Notes on a couple of good wines tasted recently

1. Weingut Joh. Haart 2001 Kabinett Riesling: Eleven years old and still fresh and fruity! In fact, the fruit was so concentrated that the wine tasted sweeter than it was. Excellent balance; enough zip to impress with food. A rare warm year on the slatey slopes of the Rhein and Mosel. A very enjoyable wine. There are many sad things about this life, and one of them is that so many wine drinkers cannot enjoy a quality Riesling. Riesling is  one of the five or six greatest wine grapes on the planet.

2. Gruet Demi-sec sparkling wine: Wow! I knew Gruet's sparkling wines, and have sold a lot of them, but mostly the Brut Rose and the Blanc de Blancs. This is not as sweet as you'd think; the European descriptors regarding residual sugar (RS) in sparkling wines are not understood by us Americans. For example, this wine comes off as dry with perhaps the least hint of RS--my spouse won't drink sweet wines and she loved this one. Yet the makers call it slightly sweet. It's not that, but it is great. I want more! A sprinkle of dosage really helps bring balance to the acids and it helps the fruit notes shine.

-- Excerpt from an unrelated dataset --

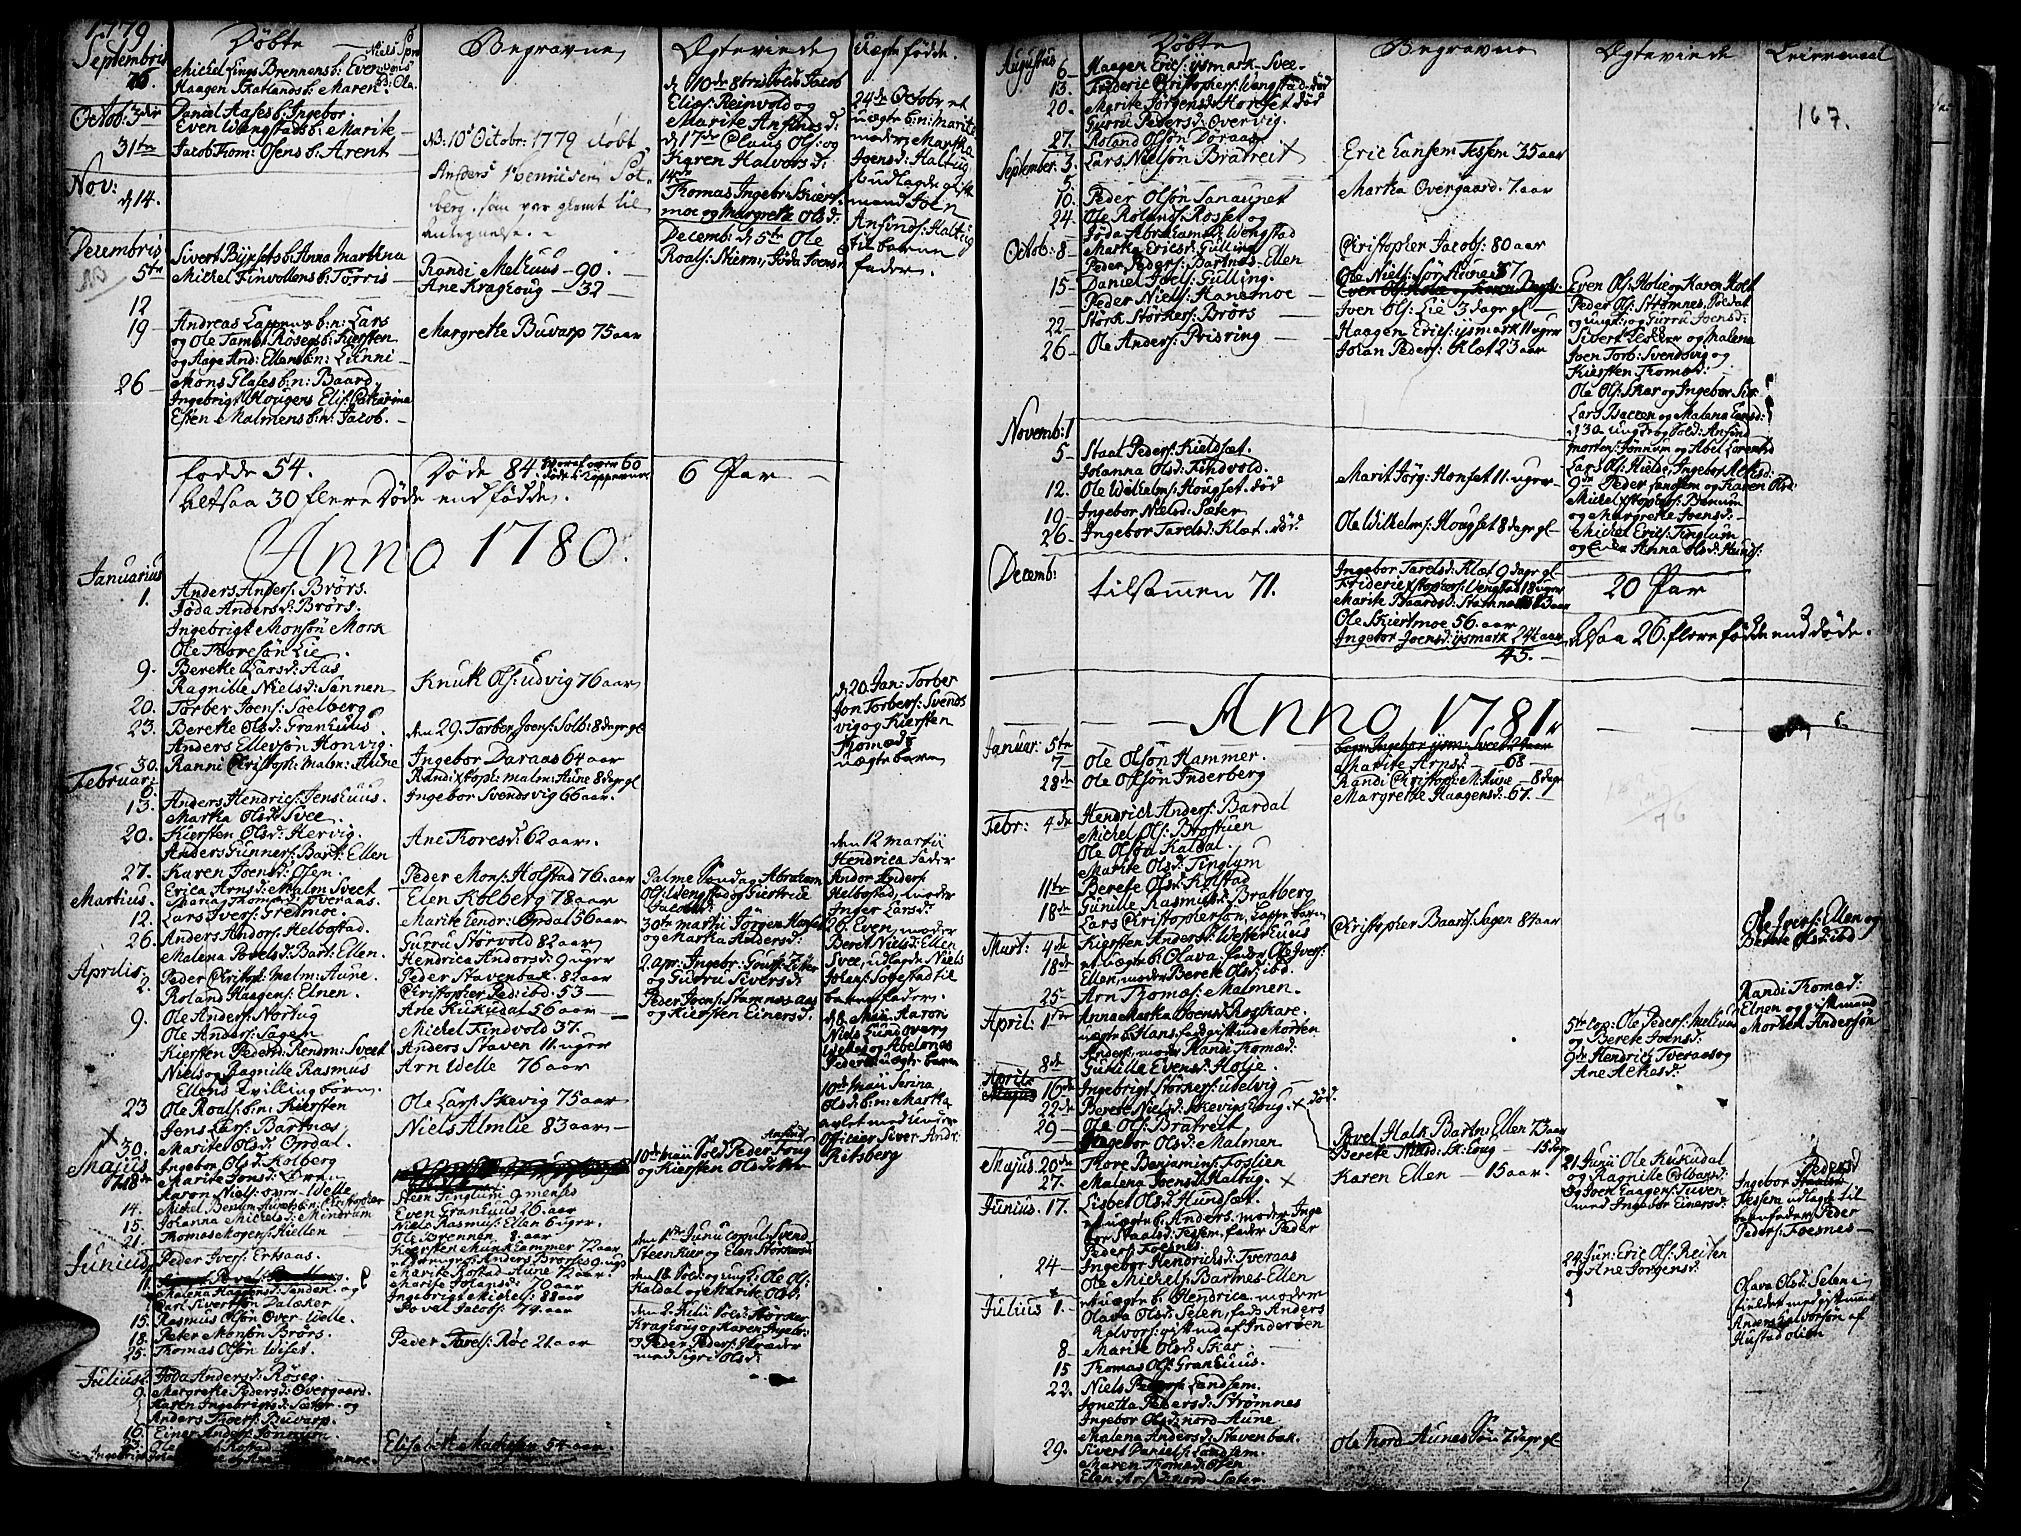 SAT, Ministerialprotokoller, klokkerbøker og fødselsregistre - Nord-Trøndelag, 741/L0385: Ministerialbok nr. 741A01, 1722-1815, s. 167
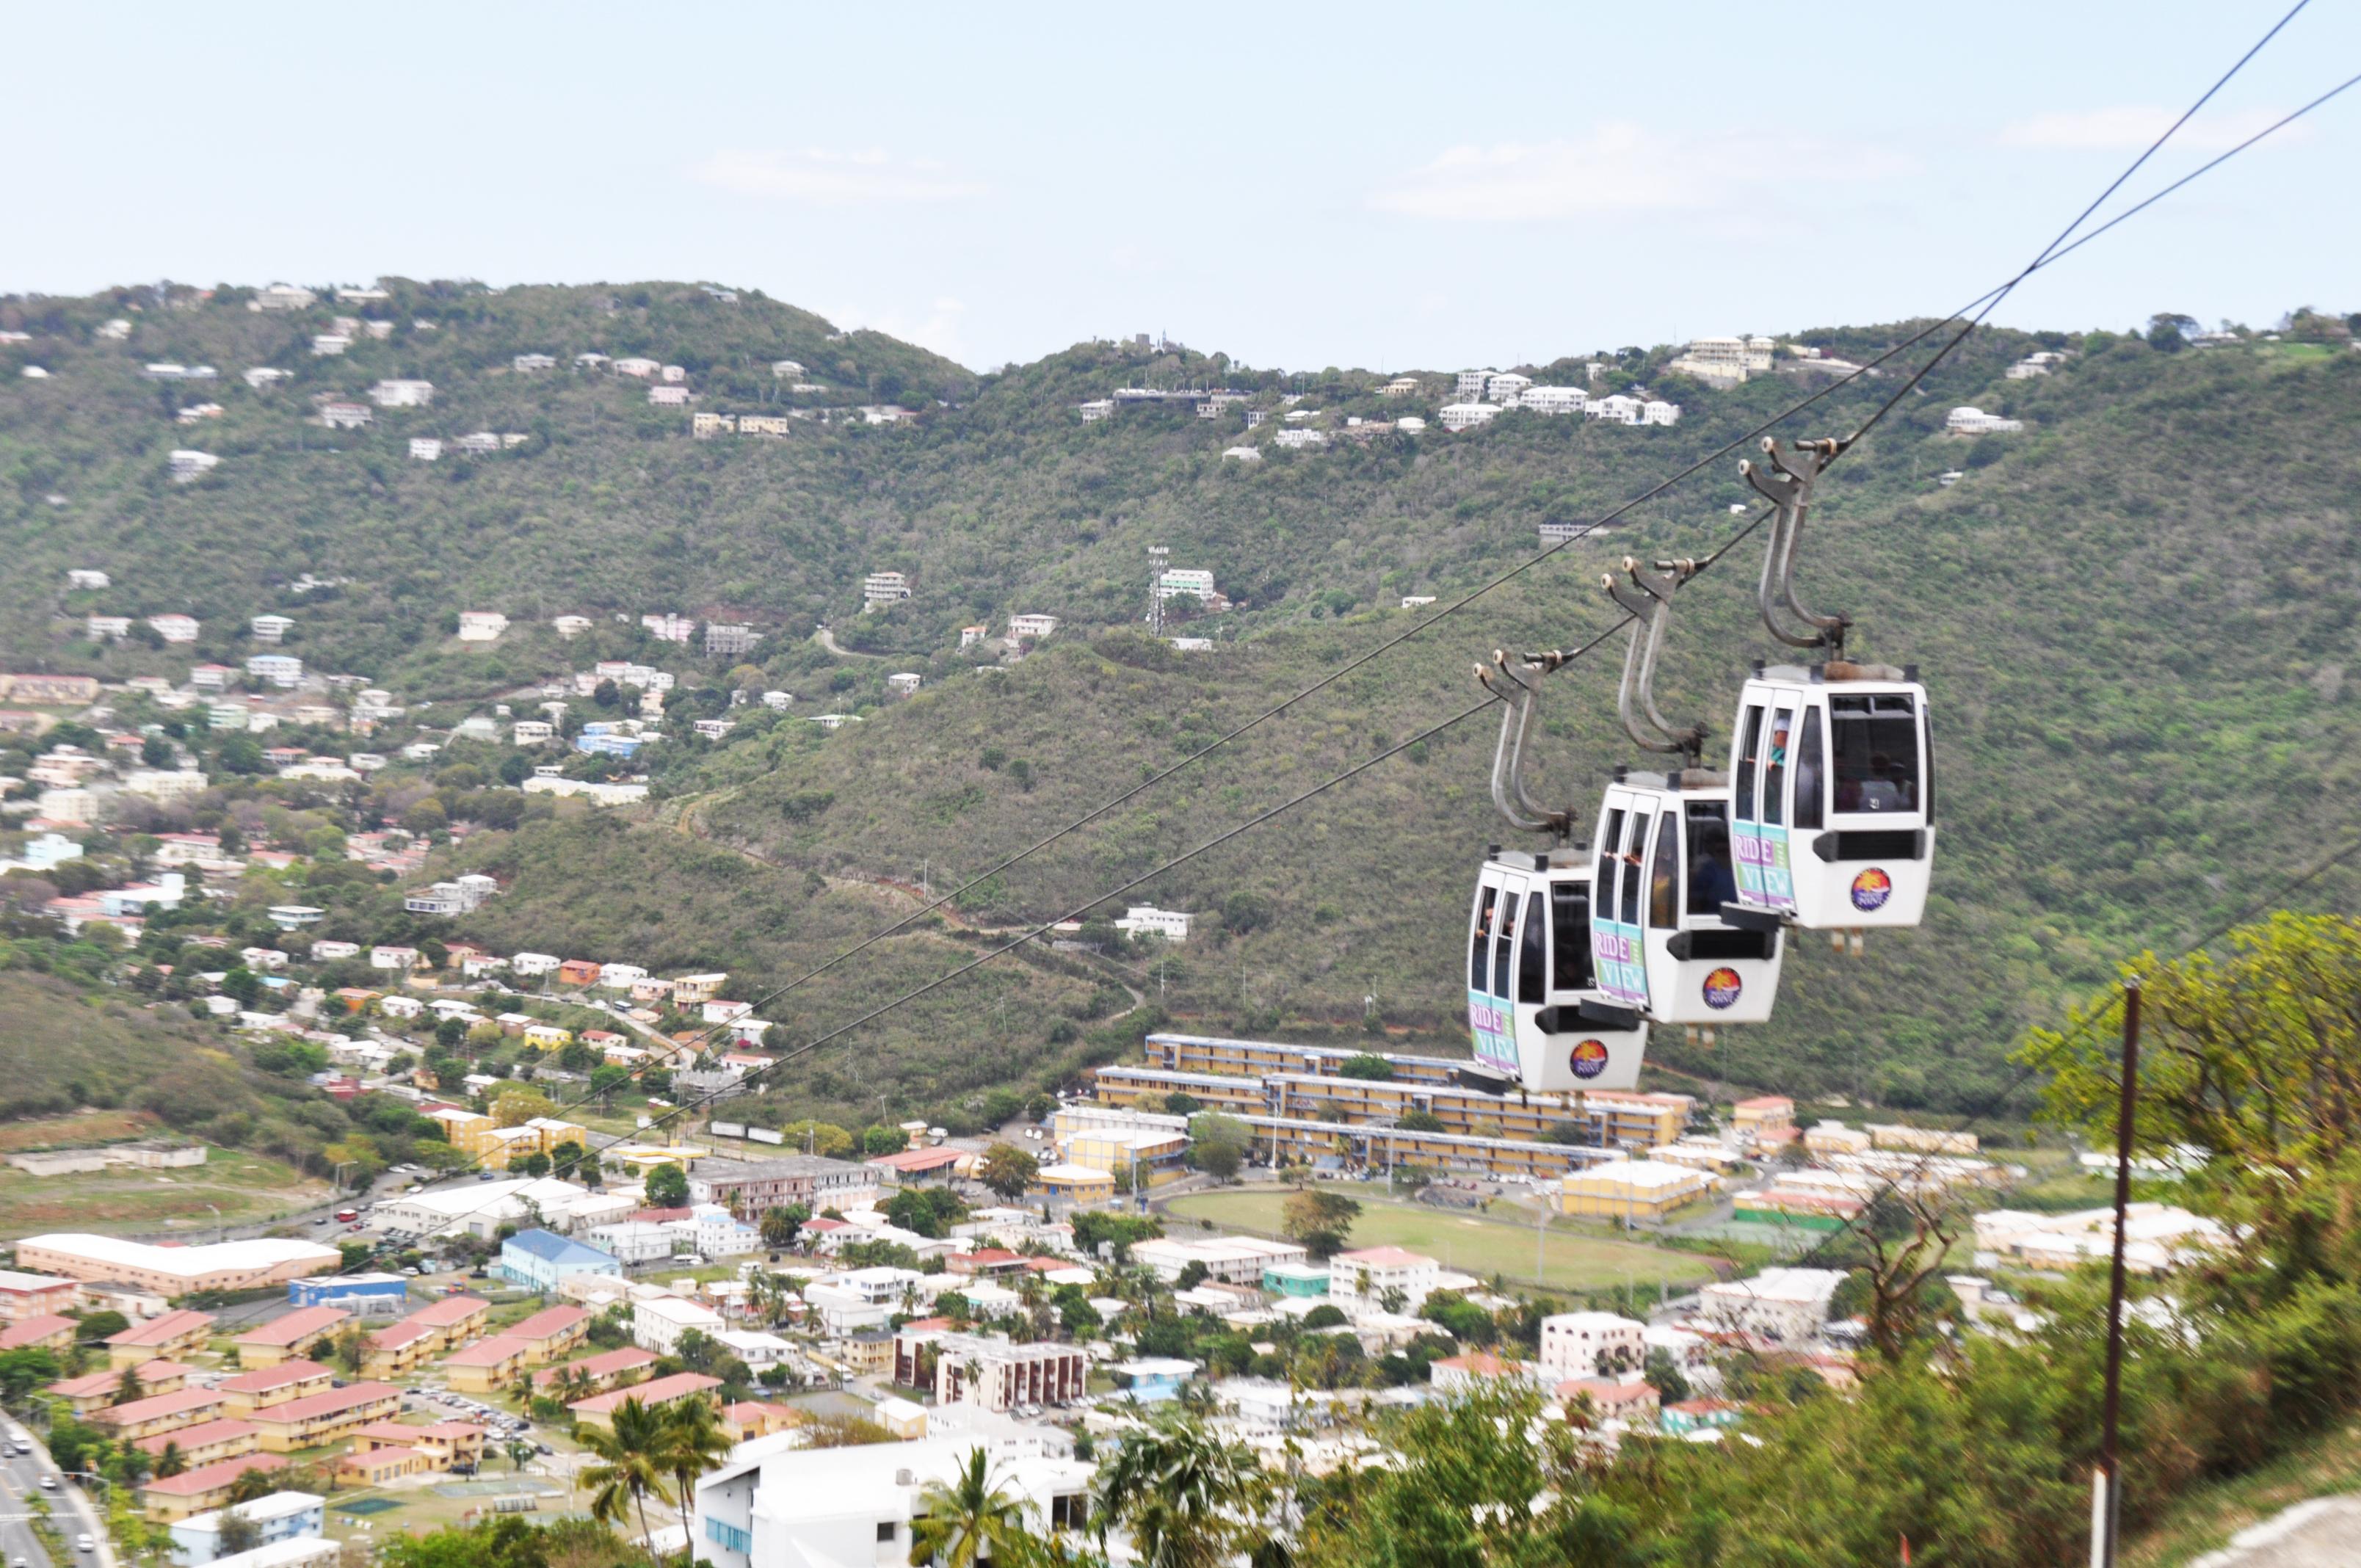 Diario-de-Viagem-Caribe-St-Thomas-Navio-Acho-Tendencia-Giovana-Quaglio-10

Gruet's owner grew up in Champagne country, and found near-ideal growing conditions in high-elevation New Mexico. Don't laugh! This is high-score, well-respected bubbly! I think it's 100% Chardonnay but it wouldn't surprise me if there was some Pinot Noir in there, too; certainly the Chardonnay flavor profile is not overbearing in the wine.

Wednesday, October 24, 2012

Cool trellis!

Check out this grape trellis, in the Old Country. Some trellises are to resist extremely ferocious winter winds (such as the one that rips out of the Northeast towards the Dalmatian Coast), while others are selected for their unique grapegrowing/fruit ripening characteristics for a grape variety, and still others are done in a certain way because that's what's been done for centuries, with no special reason other than [cue Fiddler on the Roof:] TRADITION!

Tuesday, October 23, 2012

Poor 2012 vintage in Europe?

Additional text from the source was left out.